# Any New EF-M Lenses on the Horizon?



## Ed V (Dec 23, 2016)

Considering the M5 but also looking at the Fuji X-T2. To me the biggest difference is the availability of lenses. Fuji has a big advantage. Of course it's all they do. Any rumors re: new EF-M lenses? Love to see a 35mm (~50mm equivalent) prime for starters.

While I have an arsenal of EF lenses (L and non-L) I want something lightweight a small mirrorless camera like the M5.

Ed


----------



## Mt Spokane Photography (Dec 23, 2016)

Consider searching the CR pages. Once you have read them, then you will know what we know.

Its only been 4 days since the latest rumor was posted, so its not that difficult to find.

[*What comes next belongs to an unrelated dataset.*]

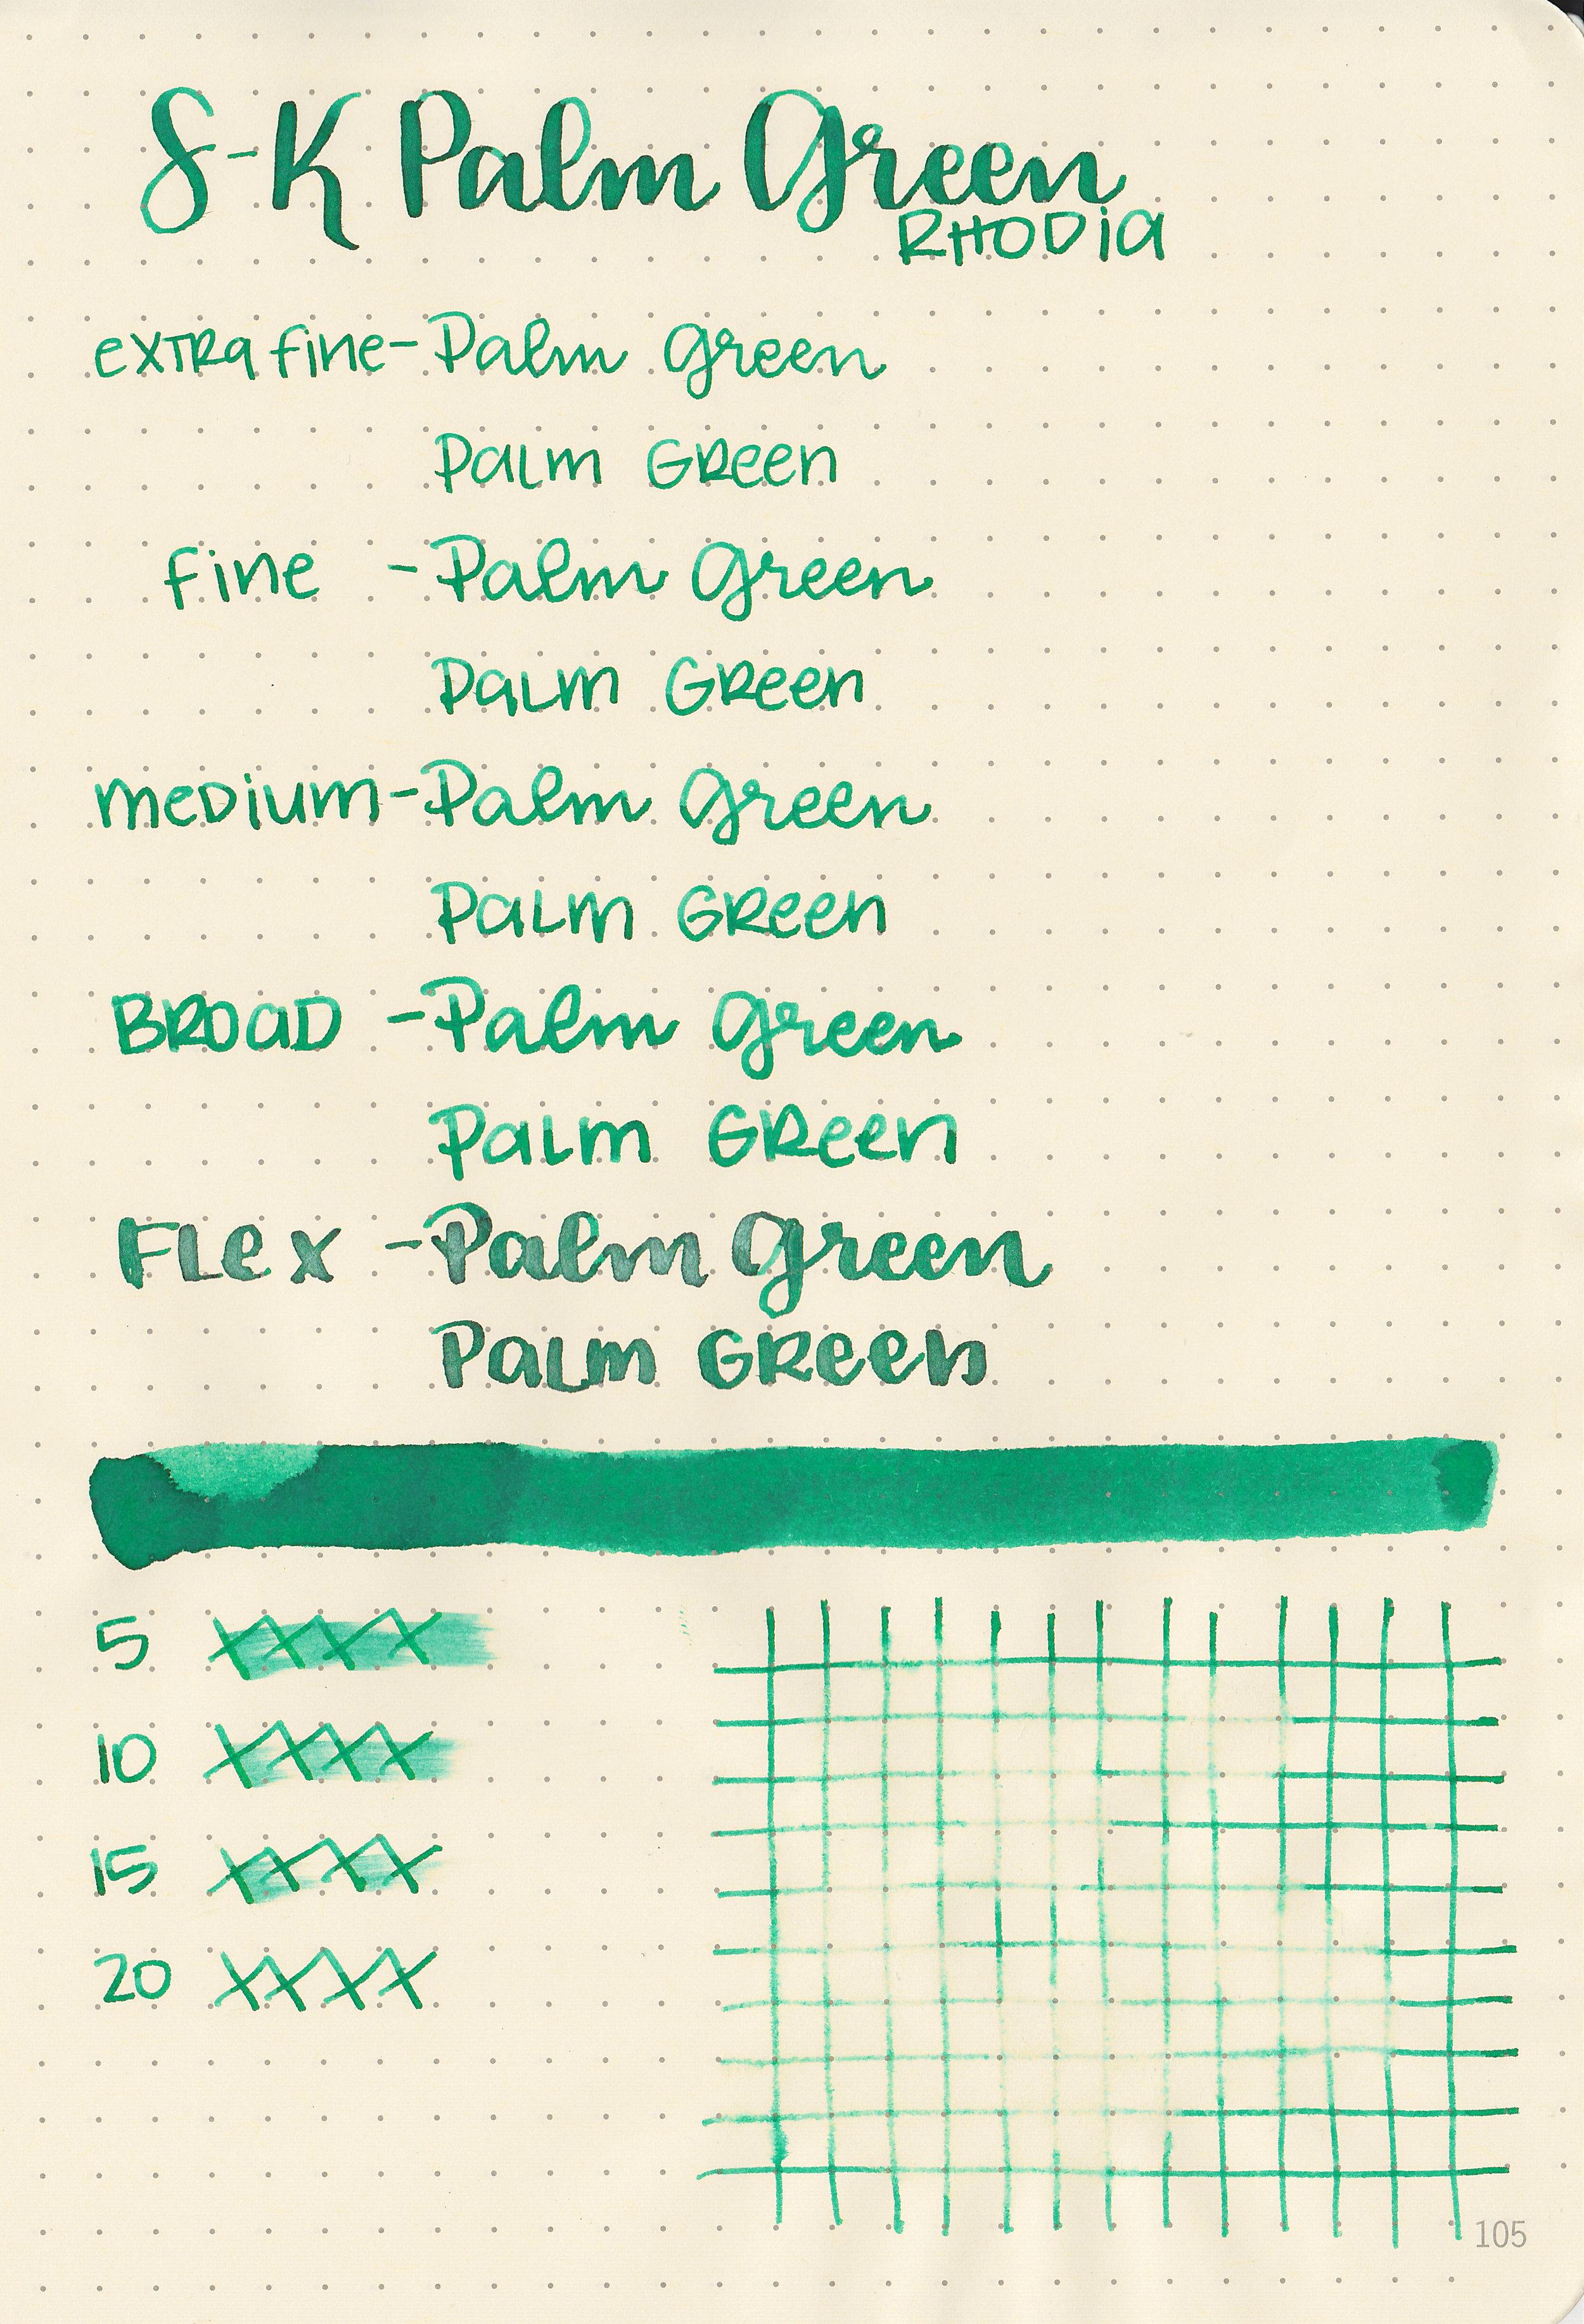 sk-palm-green-7.jpg

http://www.canonrumors.com/some-eos-m-system-information-cr2/


----------



## Ed V (Dec 23, 2016)

Sorry about that. I perused the forums (this one and the m forum) but neglected to check the original CR POSTS.

Ed


----------



## Mt Spokane Photography (Dec 23, 2016)

I did not intend to be so harsh, there are many who ask this type of question and I wanted them to know where to look for a answer first.

The Forums are hard to search, The results wanted seem hard to find. You cannot search for EOS M, since each word is restricted to a minimum of two characters, and a search of E)S-M does not ignore the dash, so it brings up different results. I expect that there are ways to force a search of EOS M, but as a infrequent searcher, I would never remember how.


----------



## AlanF (Dec 23, 2016)

Mt Spokane Photography said:


> I did not intend to be so harsh, there are many who ask this type of question and I wanted them to know where to look for a answer first.
> 
> The Forums are hard to search, The results wanted seem hard to find. You cannot search for EOS M, since each word is restricted to a minimum of two characters, and a search of E)S-M does not ignore the dash, so it brings up different results. I expect that there are ways to force a search of EOS M, but as a infrequent searcher, I would never remember how.



The trick is to put the search terms in parentheses: e.g. "EOS M5" or "EOS M". Then the search engine will look for EOS M5 or EOS M as 6 and 5 consecutive characters, respectively.


----------



## Mt Spokane Photography (Dec 23, 2016)

AlanF said:


> Mt Spokane Photography said:
> 
> 
> > I did not intend to be so harsh, there are many who ask this type of question and I wanted them to know where to look for a answer first.
> ...



I tried that, it finds every post with the term EOS and M in it, nothing to do with EOS M unfortunately. There are huge numbers of posts with EOS and the letter M as in Mark or MK somewhere in it. Searching just titles helps, but also misses a large percentage.


----------



## pokerz (Dec 26, 2016)

eos m = f/3.5-6.3 
Crippled Eosm to protect its DSLR line, Canon is SMART


----------